How do you recover your stalls in less behaved aircraft that tend to drop a wing (assuming it it's not spinning yet, of course)?

With rudder only or elevator and then aileron once out of stall?

Use rudder to halt any further wing drop while decreasing the angle of attack. This isn't a 2 phase action it is done at the same time.

Then roll wings level again once the aircraft isn't stalled any more using aileon.

Its well worth getting hold a a gliding flying manual they seem to have this stuff way better explained. To be honest from the glider pilots I have seen its taught alot better in gliding courses than most powered pilots get.

Yep. You use rudder and elevator because those are the only two flying surfaces that are almost certainly not stalled.

You don't use ailerons to correct the wing dip during the stall because your wings are stalled. Using the ailerons may worsen the situation. Although "modern" designs are so that the inboard portion of the wings stall first, and the outboard section last. So to an extent, in those designs, ailerons will remain active up to and into the stall.

You do use ailerons after you've broken the stall though. First roll to the nearest horizon, then pitch up to recover from the dive.

Don't pull up and roll at the same time though. This leads to the "wing root bending" effect, where the wing root on the upgoing wing is stressed because of both the pitch up and the rolling moment.
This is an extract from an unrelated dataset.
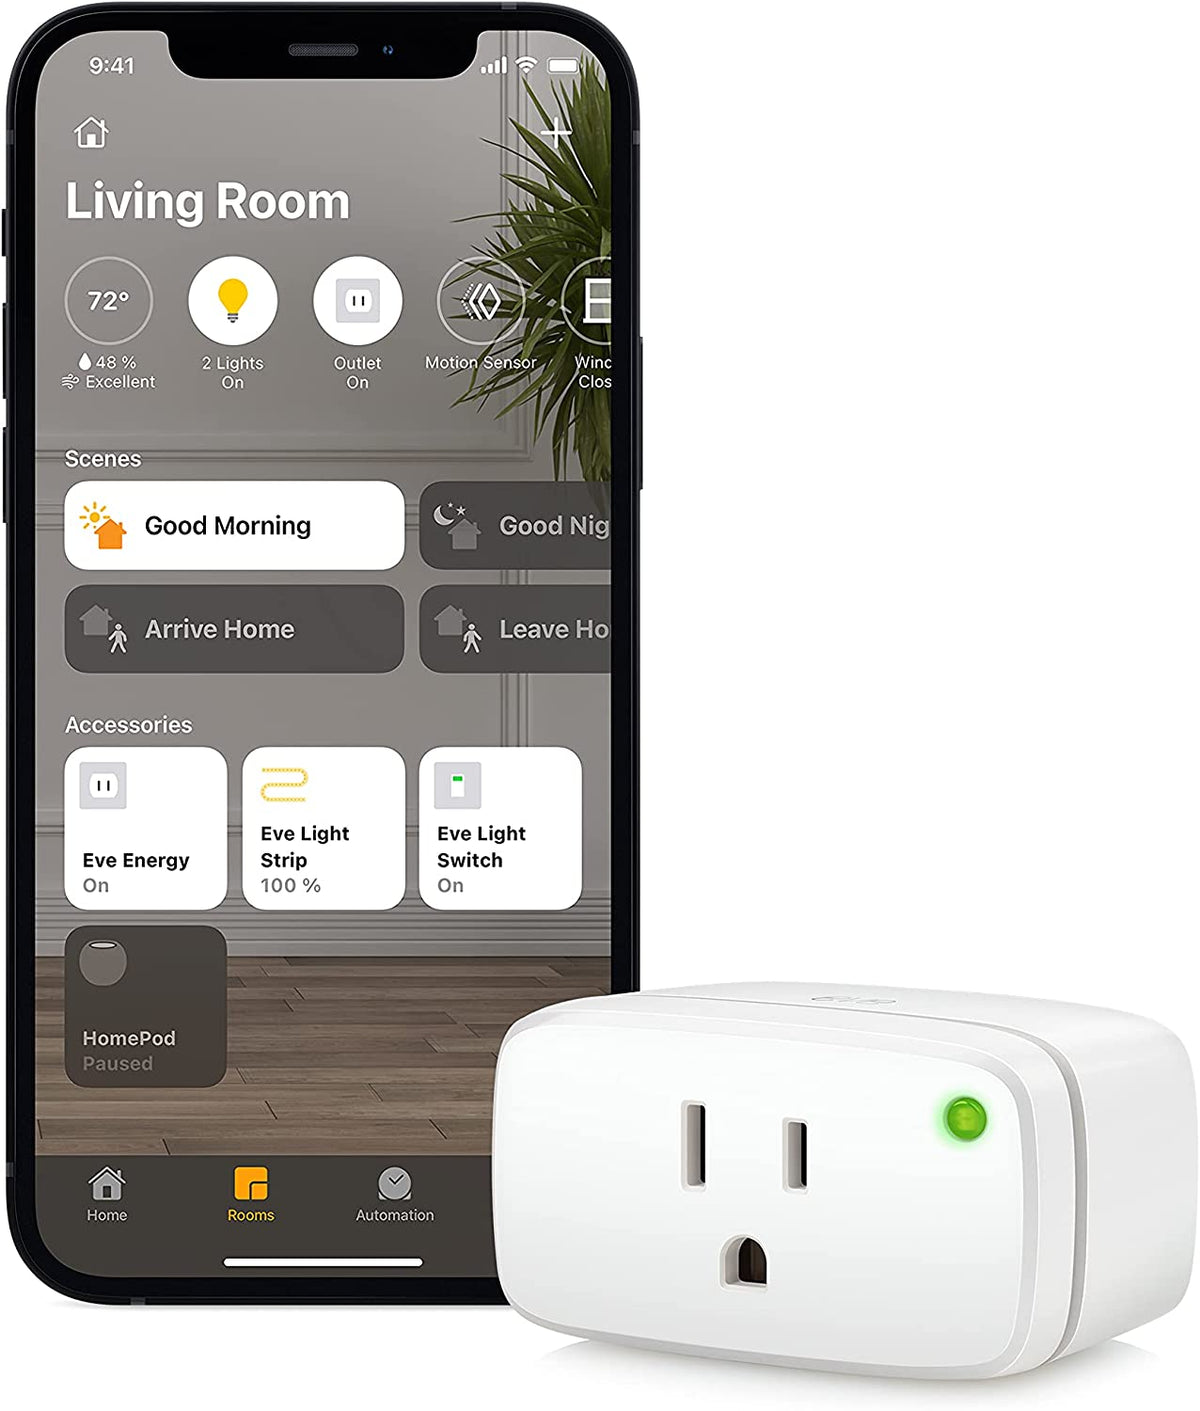 9 HomeKit Compatible Smart-Home Gadgets That You Can Control Using

In extreme cases this may lead to excess g stresses which don't register on a g meter or elsewhere, and thus hidden defects.

Probably not relevant when you do a proper recovery from a simple 1G/S&L stall in a well-behaved aircraft, but good training for aerobatics and/or stall recovery in nasty types.

Keep the aircraft in balance with rudder - don't be tempted to 'pick up the wing' or 'stop any wing drop'. That teaching went out years ago (except perhaps where dinosaurs still roam..).

Full power and control column centrally forward until the stall ident stops.

Then and only then, roll wings level and recover from the descent.

I'm with Beagle. Rudder isn't there to provide roll control. It's a *yaw* control - so use it for that.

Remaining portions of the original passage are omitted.